The National Science Foundation has issued a report on the outcomes two years later for people who received science and engineering degrees at American colleges and universities in 2001-2. The report, “Characteristics of Recent Science and Engineering Graduates: 2003,” contains reams of statistics on, among other things, the characteristics of the 2001-2 recipients of bachelor’s and master’s degrees; what kinds of jobs they held, if any, in 2003, and who employed them; what subsequent education they pursued, if any; and how much money they were making.

The report complements one issued in July by the NSF that found that people who earned such degrees considered the training to be “important to their job,” even if they didn’t end up in a scientific or engineering field.

According to the report, women outnumbered men, 56 percent to 44 percent, among recipients of bachelor’s degrees in science, on the strength of their dominance in fields of social science, especially psychology. But men outnumbered women in engineering fields, 79 percent to 21 percent. In both science and engineering, men outearned women. The median salary for men was 17 percent higher in the sciences. And in both science and engineering women were disproportionately represented among those either unemployed or not seeking work.

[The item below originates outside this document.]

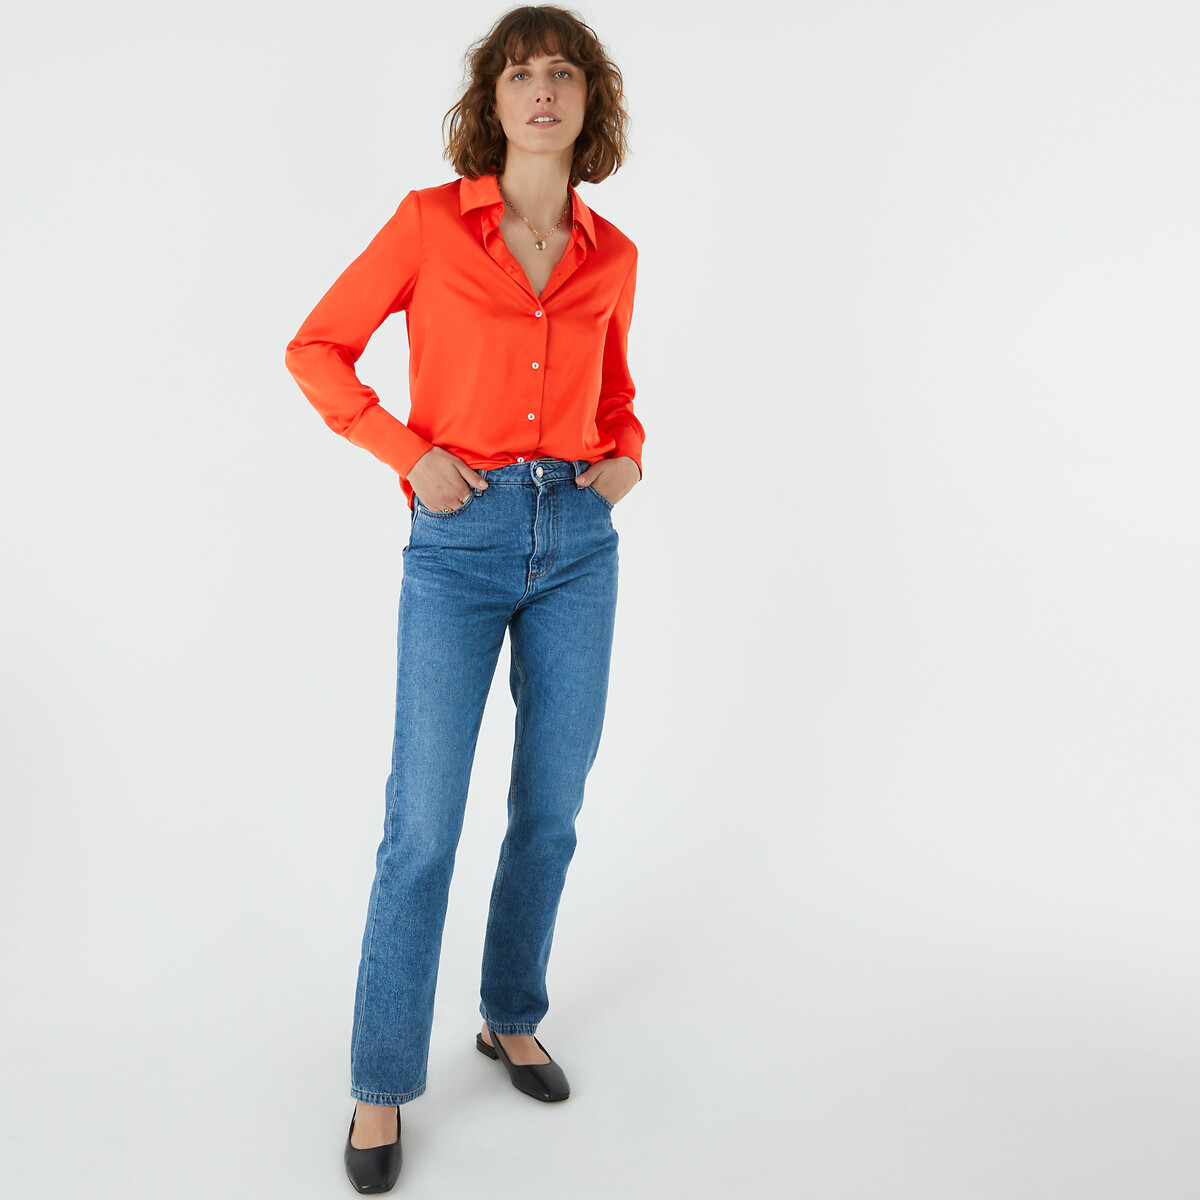 Рубашка с длинными рукавами  34 (FR) - 40 (RUS) оранжевый LaRedoute, размер 34 (FR) - 40 (RUS) Рубашка с длинными рукавами  34 (FR) - 40 (RUS) оранжевый - фото 2

In a table breaking down the statistics by race, the report says that while white students accounted for about two out of three bachelor’s degree recipients, their rate of non-employment two years later was lower than that of other racial groups. Even Asian-American recipients, who accounted for 14 percent of scientists, had higher rates of non-employment, although their median salary was 19 percent higher than for white recipients. The table listed a composite “Underrepresented minority” group, about 16 percent of scientists and 12 percent of engineers, that comprised American Indian, Alaska Native, black, and Hispanic recipients of degrees.